Lei nº 7.646, de 18 de Dezembro de 1987

MENSAGEM DE VETO Nº 734 DE 18 DE DEZEMBRO DE 1987.

EXCELENTÍSSIMO SENHOR PRESIDENTE DO SENADO FEDERAL:

     Tenho a honra de comunicar a Vossa Excelência que, nos termos dos artigos 59, parágrafo 1º e 81, item IV, da Constituição Federal, resolvi vetar, parcialmente, por entender contrárias, as partes vetadas, ao interesse público, o Projeto de Lei nº 8.551, de 1986 ( nº 24, de 1987, no Senado Federal) que "dispõe quanto à proteção da propriedade intelectual sobre programas de computador e sua comercialização no País e dá outras providências".

     Incide o veto sobre as seguintes disposições ou expressões:

     Letra "c" do artigo 10

     Embora seja razoável considerar-se a diferença entre o preço de um programa de origem externa e o preço de um programa nacional, para fins de exame de similaridade, a condição indicada na letra "c" do artigo 10, tal como formulada, não pode prosperar.

     Com efeito, o exame de similaridade é providência de instrução do cadastramento de programa, independentemente do negócio jurídico (locação ou venda ou cessão de direito de exploração) que venha a tê-lo como objeto. Importa, para tanto, apenas o programa em si mesmo considerado.

     Ora, a alínea "c", sob análise, reporta-se à "base de cálculo da quota de contribuição de que trata o artigo 18", que, em verdade, assenta duas bases de cálculo conforme deva o software ser locado ou vendido.

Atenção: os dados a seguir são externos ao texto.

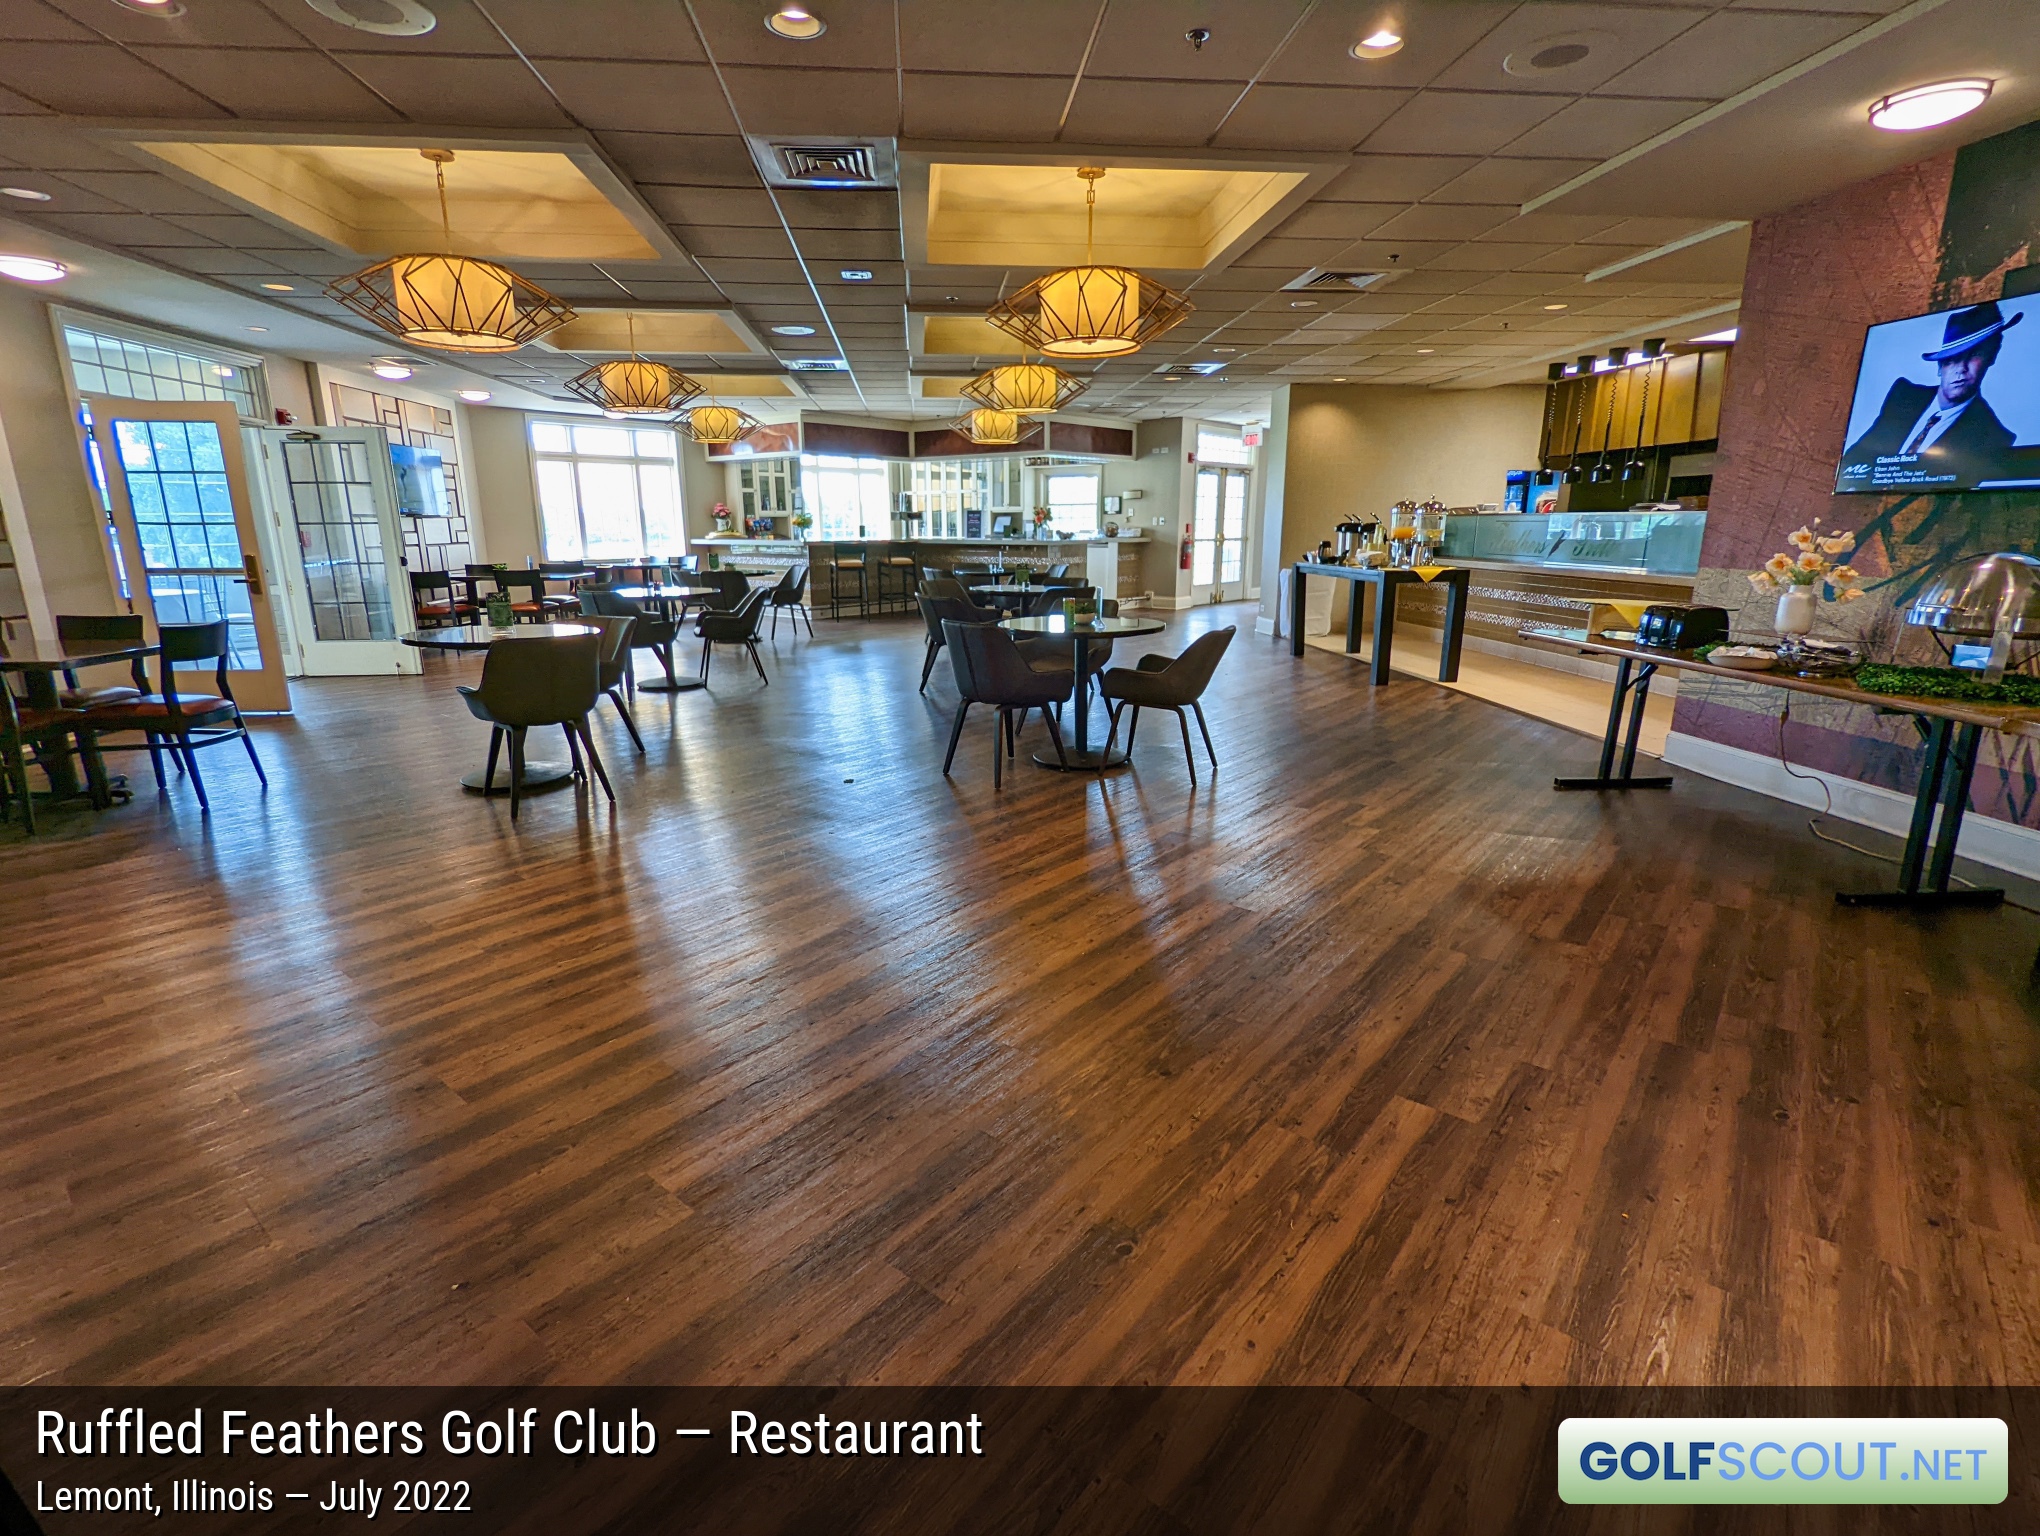 Photo of the restaurant at Ruffled Feathers Golf Club in Lemont, Illinois.

     Em sendo assim, qual dessas bases de cálculo servirá de parâmetro para aferição de similaridade?

     Demais disso, ambas as bases reportam-se ao preço de venda ou locação a usuário final, no país de origem, preço esse que varai não apenas em razão da quantidade de cópias que o usurário adquira ou tome em locação, senão também em face da conversão cambial.

     Evidentemente, não pode a autoridade administrativa, ao seu alvedrio, optar entre a menor ou a maior base de cálculo, porque dessa opção resultarão consequências prejudiciais à comercialização do software nacional ou do software de origem externa.

     Assim, em face de sua inadequada formulação, impõe-se o veto à alínea "c" do artigo 10.

     A expressão "de que trata este artigo", constante do artigo 11

     Com esses dispositivos, o legislador instituiu contribuição especial, de caráter econômico, tendo em vista a intervenção do Estado no domínio econômico no segmento específico de software.

     Não há dúvida de que essa contribuição constitui espécie tributária, que se distingue da taxa, essencialmente, por que nesta espécie " há uma reciprocidade direta entre a exação e a atuação estatal", segundo o entendimento dominante na doutrina.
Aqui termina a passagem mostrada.